On Aug. 28, 2020, the CMA issued a further publication confirming its view that consumers generally will be entitled to a refund when they have paid money in advance for services or goods that cannot be provided due to the pandemic. The publication addresses two different scenarios: lockdown laws and government guidance.

  Where contracts cannot be performed because of lockdown laws — for example, health protection regulations — the CMA expects customers to be offered a full refund. Where contracts are only partially affected by lockdown laws, customers may be entitled to a refund or price reduction depending on the circumstances and scale of the impact.
 
  Whether consumers are entitled to a refund because of government guidance depends on the specific circumstances. There are specific protections in place where package holidays in a particular destination are cancelled in light of government advice against travel to that destination. Where government advice does not necessarily mean that a contract cannot be performed, however, consumers may not be entitled to a full refund; where this is the case, businesses should treat their customers fairly and responsibly, including trying to find a mutually acceptable solution.
    Package holidays and group travel.

One issue the CMA has addressed recently is some package travel organizers’ rejections of claims for refunds from groups, on the basis that only individual travelers are entitled to make refund claims. In letters to individual companies, the CMA has made clear its view that the Package Travel Regulations cover both group and individual travel packages.

Litigation.

On Aug. 20, 2020, the English High Court issued an interim injunction against UK mail delivery incumbent Royal Mail Group (RMG). The injunction was awarded in proceedings brought against RMG by Preventx, which provides remote diagnostic testing services, partner notification, and onward clinical referral services for sexually transmitted infections (STIs). Preventx had arranged with RMG for Preventx customers to send their samples to Preventx for testing, using RMG’s Freepost service, which allowed customers to put their samples in a prepaid package and post it using any available postbox. According to the case report, in February 2020, RMG informed Preventx that the samples were classed as dangerous and that RMG terms and conditions required them to be sent using a much more expensive, tracked, mailing service, with the customer’s name and address and the word “Tracked” on the label.

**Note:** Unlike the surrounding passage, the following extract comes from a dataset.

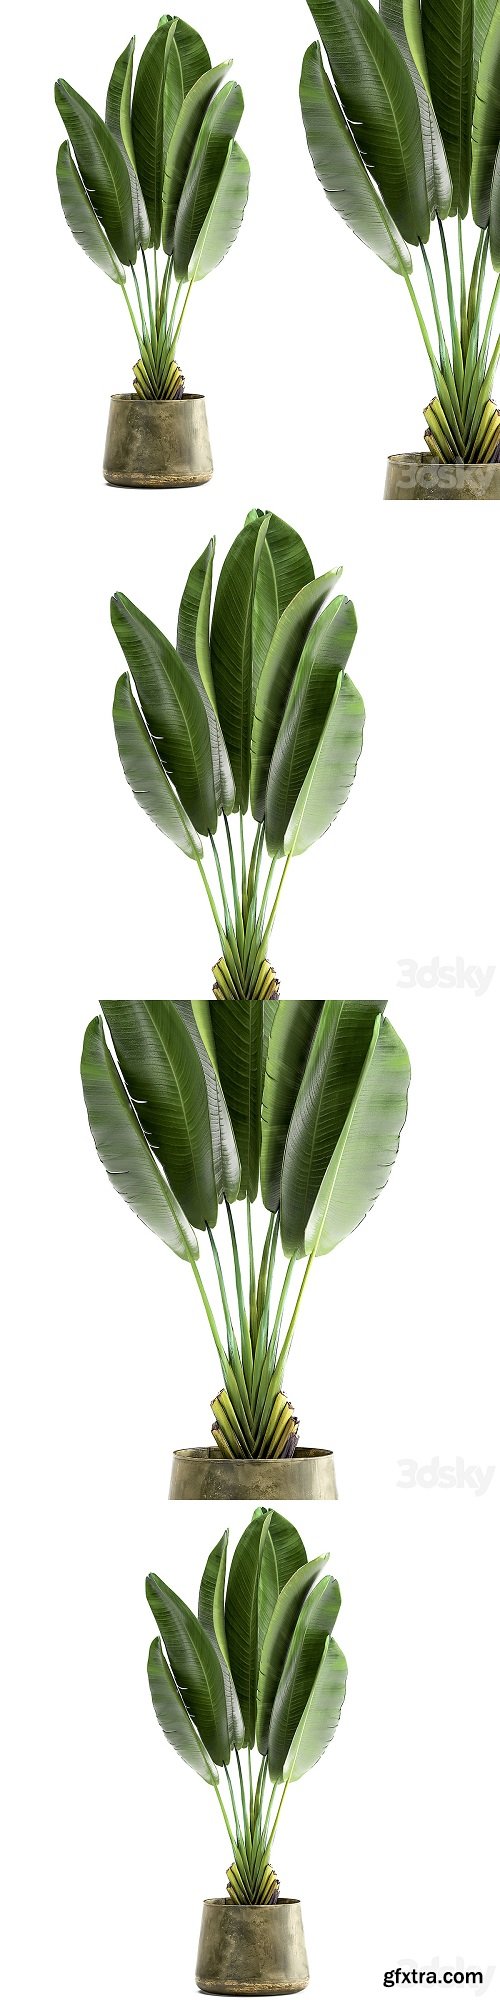 Ravenala 926. Strelitzia, Banana palm, metal flowerpot, industrial style, luxury
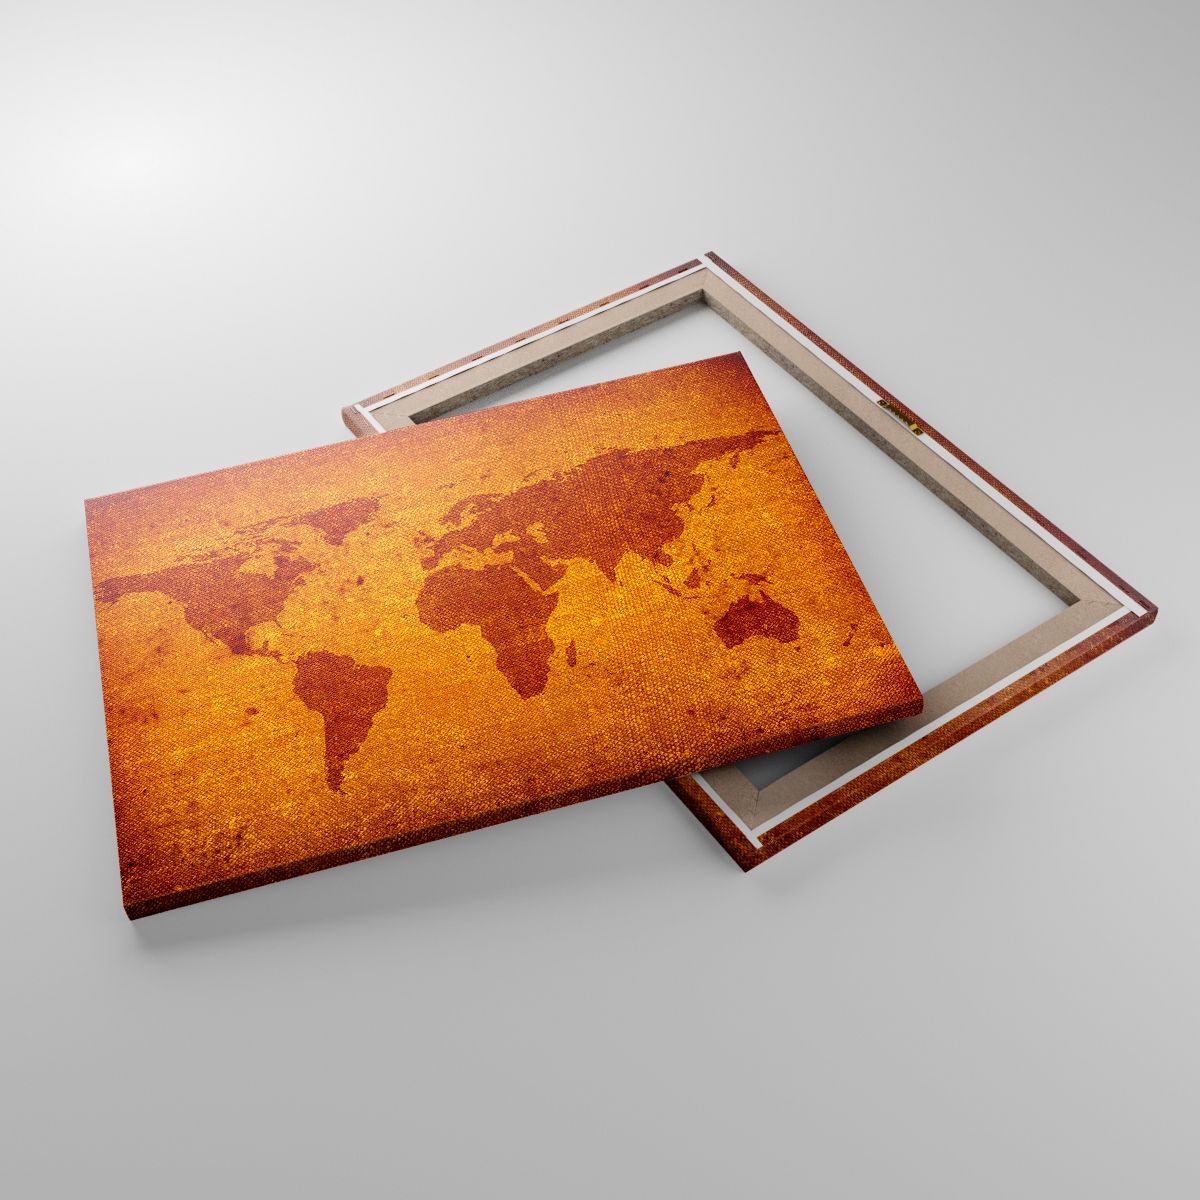 Leinwandbild Weltkarten, Leinwandbild Kontinente, Leinwandbild Reisen, Leinwandbild Geschichte, Leinwandbild Jahrgang

Preventx claimed that these were unfair trading conditions: the requirement to use the word “tracked” on the label could deter customers from using its service on the basis that it might not be confidential, and the steep increase in postage costs, together with the short notice given to it, could result in samples being destroyed. It argued that this was an abuse of RMG’s dominant position in the market for untracked, outbound/return postal services for STI test kits and samples. The High Court found that this was a serious question to be tried in a full hearing. It further found that implementation of RMG’s demands in the meantime could cause harm to Preventx’s reputation and customer confidence in it, and that damages would be an insufficient remedy. Consequently, it ordered RMG to refrain until trial from refusing to continue providing the Freepost service to Preventx.

Brexit.

The UK formally left the EU on Dec. 31, 2019. EU law continues to apply in the UK during the transitional period agreed with the EU in the Withdrawal Agreement. This transitional period ends on Dec. 31, 2020; at that point the UK competition law system will operate independently of the EU system. This means that the UK will have separate jurisdiction to review large mergers that also qualify for EU review, and that the UK can investigate infringements of competition law in parallel with the EU. The UK government has allocated additional funds to the CMA and other competition regulators to provide for an increased case load. It has not, however, taken any public steps to implement proposals for reform of the UK competition regime, put forward by the CMA in early 2019. It appears unlikely that, if these proposals were to be progressed, they would take effect from Jan. 1, 2021.